Kindred
Kindred

Reputation: 1269

Swift closure omission example?

When I read the Swift documentation provided by Apple, I found some concept not clear for me...

When a closure’s type is already known, such as the callback for a delegate, you can omit the type of its parameters, its return type, or both. Single statement closures implicitly return the value of their only statement.

let mappedNumbers = numbers.map({ number in 3 * number })
print(mappedNumbers)

What does it means the callback for a delegate? Could you give me an example? If both are omitted, should we need the in keyword?

Upvotes: 0

Views: 284

Answers (2)

Sulthan
Sulthan

Reputation: 130132

There is nothing simpler. In this case the meaning of delegate is that the closure is used as a variable. Consider the following example:

class Downloader {
    var onDownloaded: ((Data) -> Void)?
    func startDownloading() {
       ...
    }
}

Used as:

let downloader = Downloader()
downloader.onDownloaded = { data in
    print("Downloaded: \(data.count) B")
}
downloader.startDownloading()

As you can see, I did not specify neither the type or the return value in the closure, because the left side of the expression (.onDownloaded =) provides them.

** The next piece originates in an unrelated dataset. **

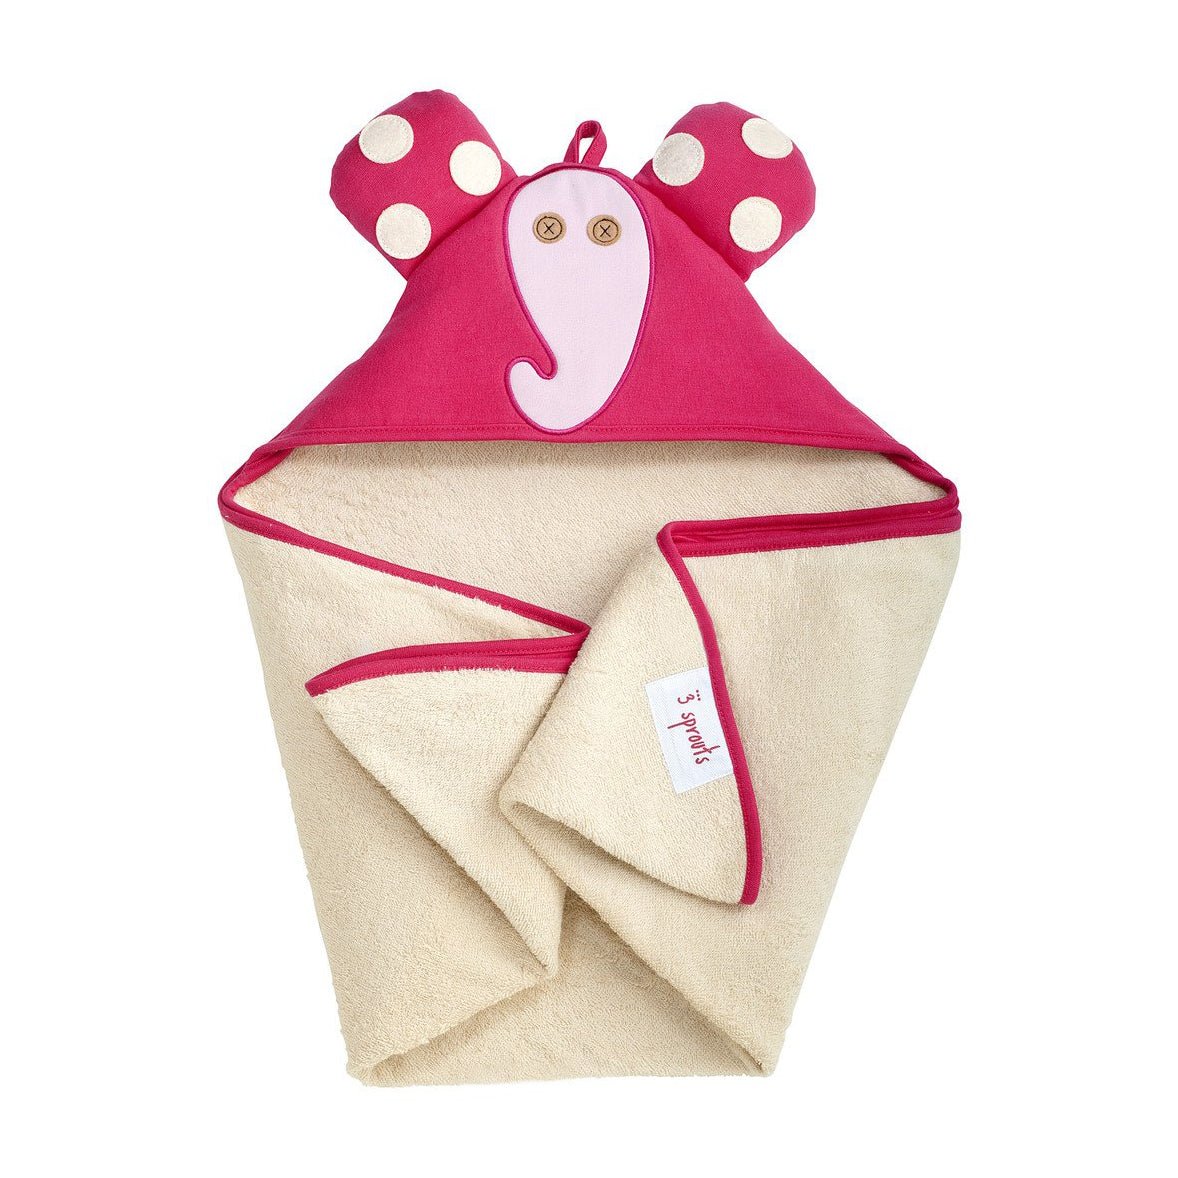 3 SPROUTS HOODED TOWEL - Bloom Pharmacy

The same applies for method parameters:

func startDownloading(onDownloaded: ((Data) -> Void)?) {
    ...
}

However, we still need in in the closure. The keyword separates the parameter names from the closure body. Of course, we could make the parameters anonymous:

downloader.onDownloaded = {
    print("Downloaded: \($0.count) B")
}

Upvotes: 1

bajocode
bajocode

Reputation: 360

It states that the parameter type can be inferred from the delegate. A delegate is a protocol, which is where you define the types of the method parameters. This means that when implementing the delegate method, the compiler already knows about the method types through the declared protocol.

An example:

let sortedAnimals = animals.sort { (one: String, two: String) -> Bool in
  return one < two
}

The first simplification is related to the parameters. The type inference system can calculate the type of the parameters in the closure:

let sortedAnimals = animals.sort { (one, two) -> Bool in return one < two }

The return type can also be inferred:

let sortedAnimals = animals.sort { (one, two) in return one < two }

The $i notation can substitute the parameter names:

let sortedAnimals = animals.sort { return $0 < $1 }

In single statement closures, the return keyword can be omitted:

let sortedAnimals = animals.sort { $0 < $1 }

For strings, there's a comparison function which makes string comparison even shorter:

let sortedAnimals = animals.sort(<)

Each step outputs the same result and it is for you to decide what is concise, but readable at the same time.